[Data block — start]
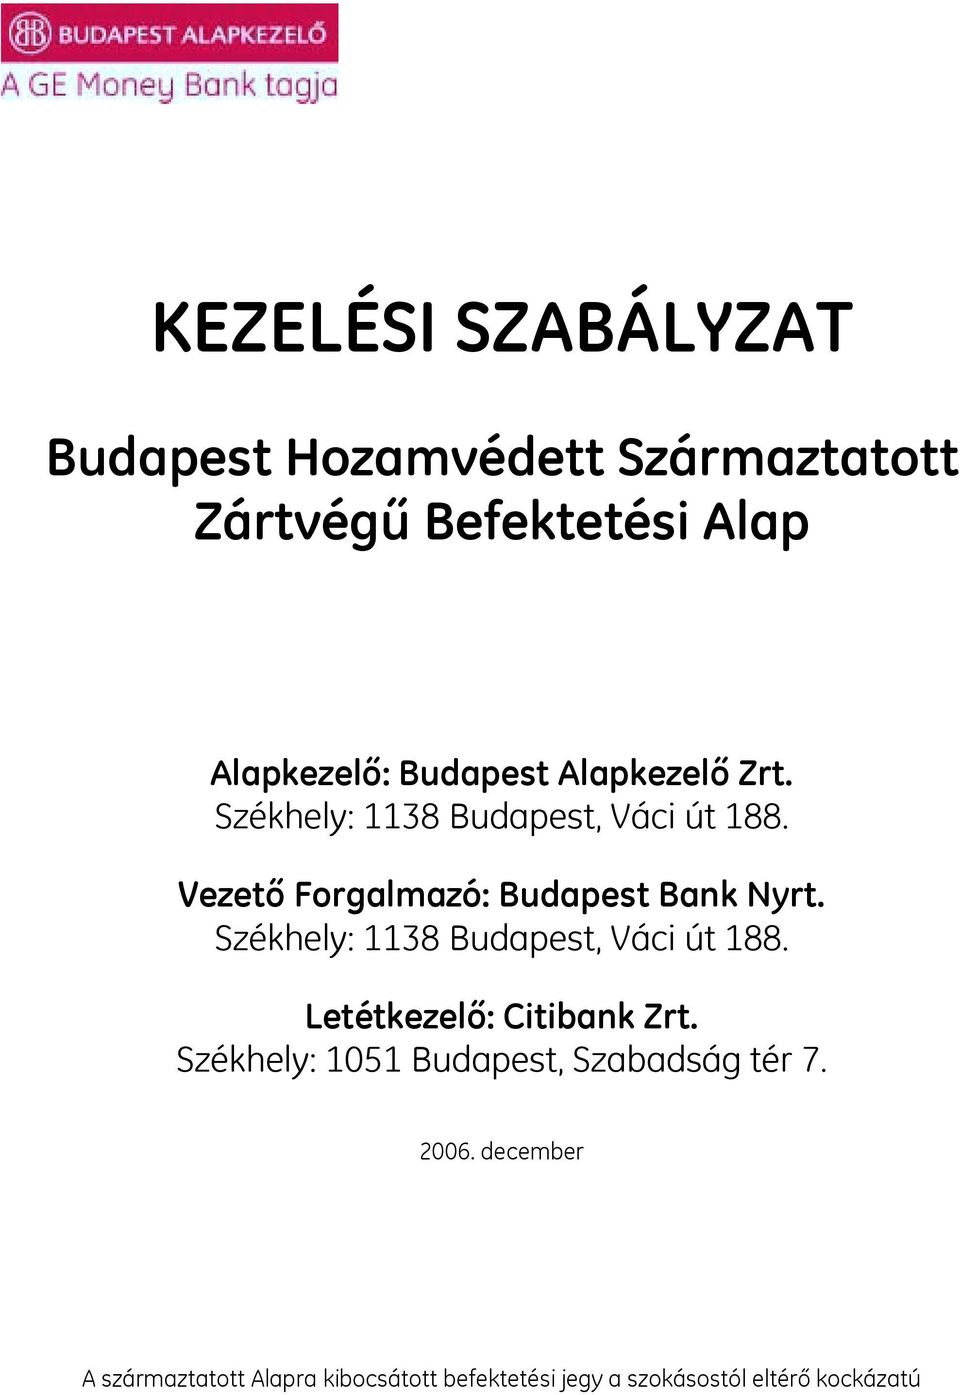 Vezető Forgalmazó: Budapest Bank Nyrt. Székhely: 1138 Budapest, Váci út 188.
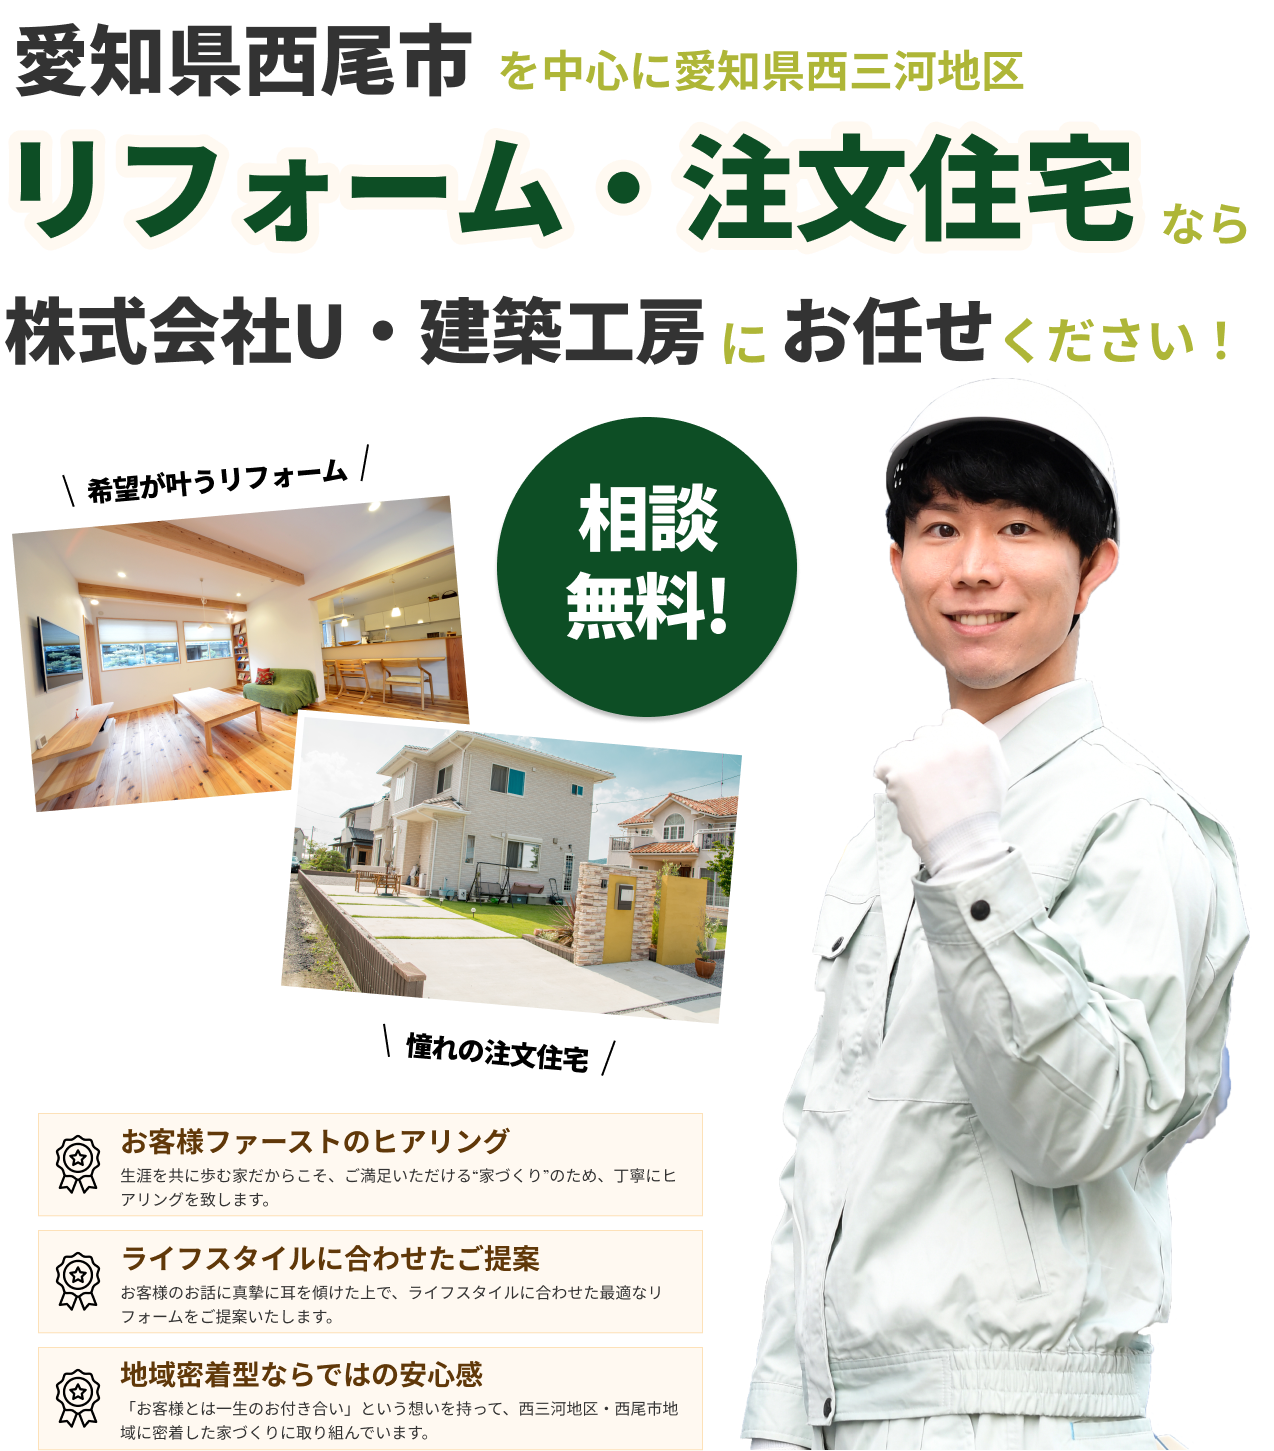 愛知県西尾市・西三河地区でリフォームをお考えなら株式会社U・建築工房まで
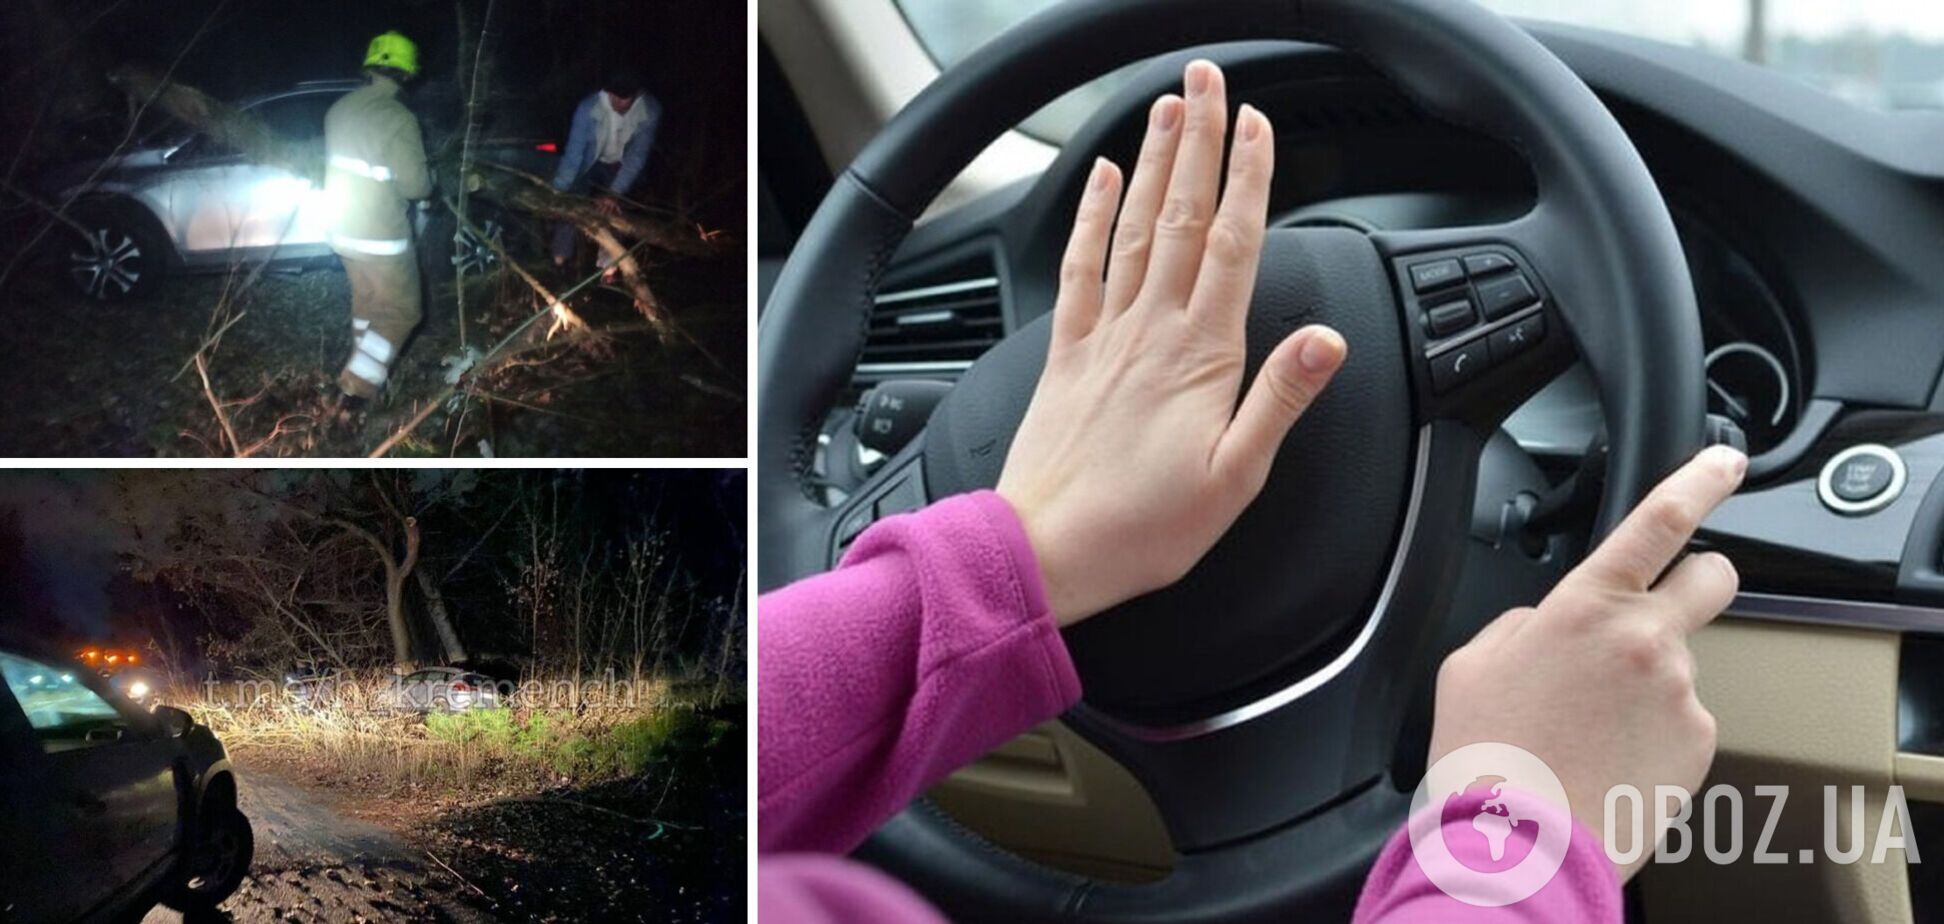 На Полтавщині 17-річна дівчина не впоралася з керуванням авто і влаштувала ДТП: є постраждалі. Фото і відео
[Data block — finish]
Problem requirements :: Write out the whole listing exactly, with no pictures.

Response box ::
 Vezető Forgalmazó: Budapest Bank Nyrt. Székhely: 1138 Budapest, Váci út 188.
 愛知県西尾市・西三河地区でリフォームをお考えなら株式会社U・建築工房まで
 На Полтавщині 17-річна дівчина не впоралася з керуванням авто і влаштувала ДТП: є постраждалі. Фото і відео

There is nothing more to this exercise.